We're Agile... Right?

"We don't do much requirements analysis because its too much overhead. "
"We really need to hit our deadline in a few months, so we will make the most with the resources we have."
"Testing is a luxury, we just don't have time for that."
"Our developers have really been letting us down and dogging the project"

These are all reasons I have heard that a team is developing with an Agile philosophy, however none of the projects were Agile at all.

Where do you draw the line between agile and chaos? All too often a project is managed under the assumption it is agile when it reality it is simply chaotic. In the wrong hands, the tenets of agile development can create an incredibly dysfunctional environment. Agile development requires more discipline to do the right things than a highly structured waterfall approach. Here is a list of questions I used to try to clear up the confusion.

1) Are you managing for VALUE? Are the management decisions (features/timeliness/resources) being made to enhance value, or are they serving another purpose. If the timeline is ultimately hard, then focus on providing the highest value items to the customers in allotted time and deliver a high-value working product. Do not feel you can just squeeze out some extra productivity out of the staff and expect everything to work out. It’s a mistake that's been made over and over again. Once the team is set, and the deadlines are made, then you can only manage an extra 10% or so out of the team.
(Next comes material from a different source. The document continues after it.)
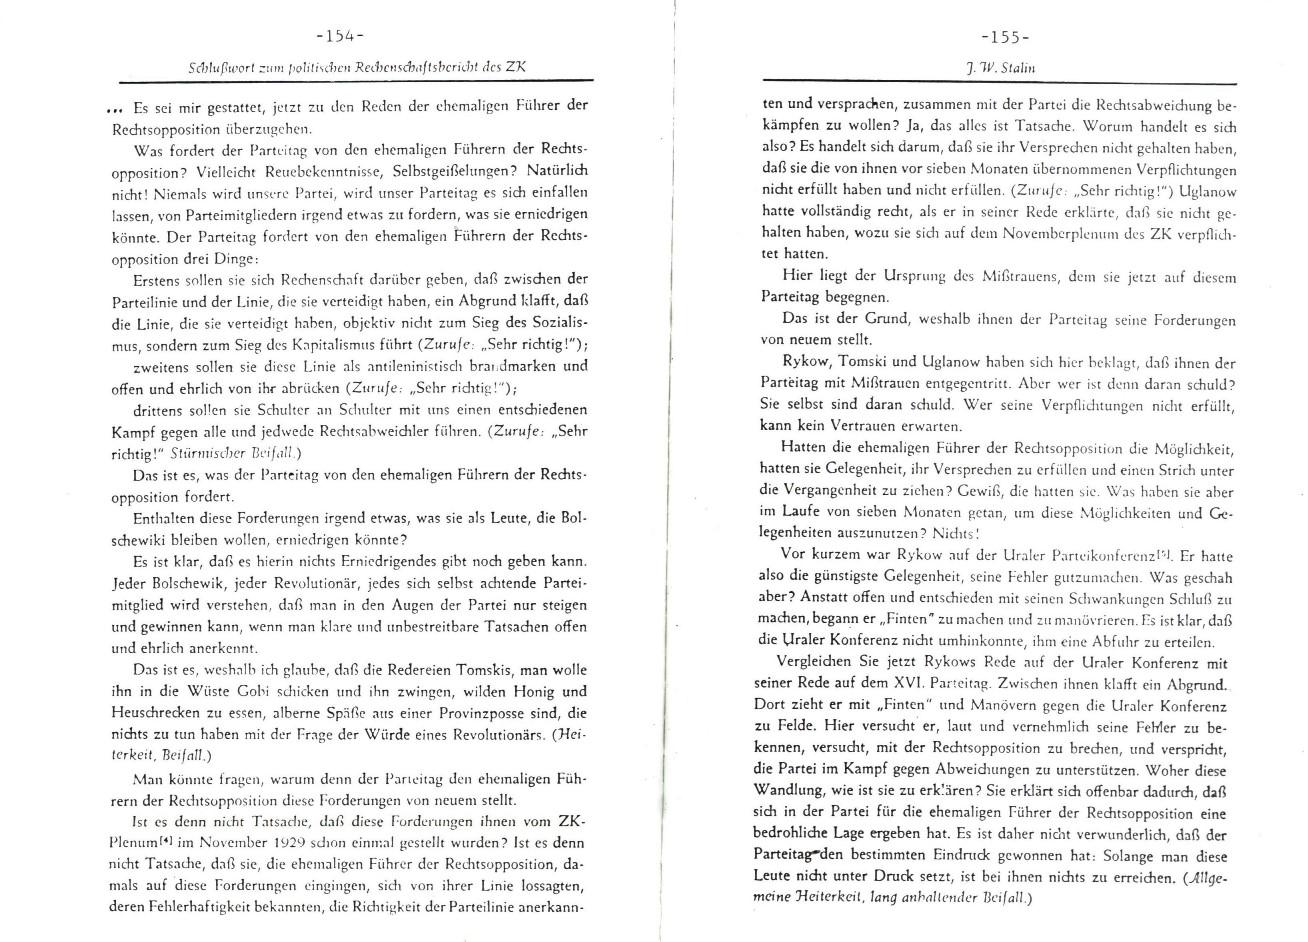 MLSK_Theorie_und_Praxis_des_ML_1979_25_78

2) Is the end goal Speed or Efficiency?
Most people confuse these two concepts. Getting a project done faster does not correlate well to the efficiency of the project. Some projects appear to move too slowly, but the lack of defects greatly reduces the cost of a project since most defects costs many more times than developing correctly the first time. The best analogy is driving to work. Do you want to be efficient or get home as fast as possible? You could choose to drive as fast as humanly possible, but you end up paying more for gas/speeding tickets/ etc and take on more risks, such as crashing head on into oncoming traffic. I choose efficiency.

3) Are the customers engaged?
Are your customers an integral part of the process? If not, how can you be sure you are developing the highest value items at any given time?

4) Do you have defined iterations?
I think have predefined iterations (Of a suitable length) are extremely important. Without any defined iterations, it’s too easy to drift into complacency or drift into chaos where the feature list is constantly updated and the development team has nothing to focus on.

5) Do you always have a working, production ready piece of software?
If you are managing the project in such a way that you are adding many partially tested features at one time you are not Agile. Every iteration needs a fully tested piece of software associated with it. If you are adding features that 'We'll clean up later' you are doing a great disservice to the project by introducing inefficiencies and uncertainty.

There are some more, but those covers most of the things that help me draw the distinction between chaos and Agile software development. If you can strongly say yes to all the above items, you need to address this issues ASAP. Being chaotic and explaining it as agility only hurts the agile software development community's credibility.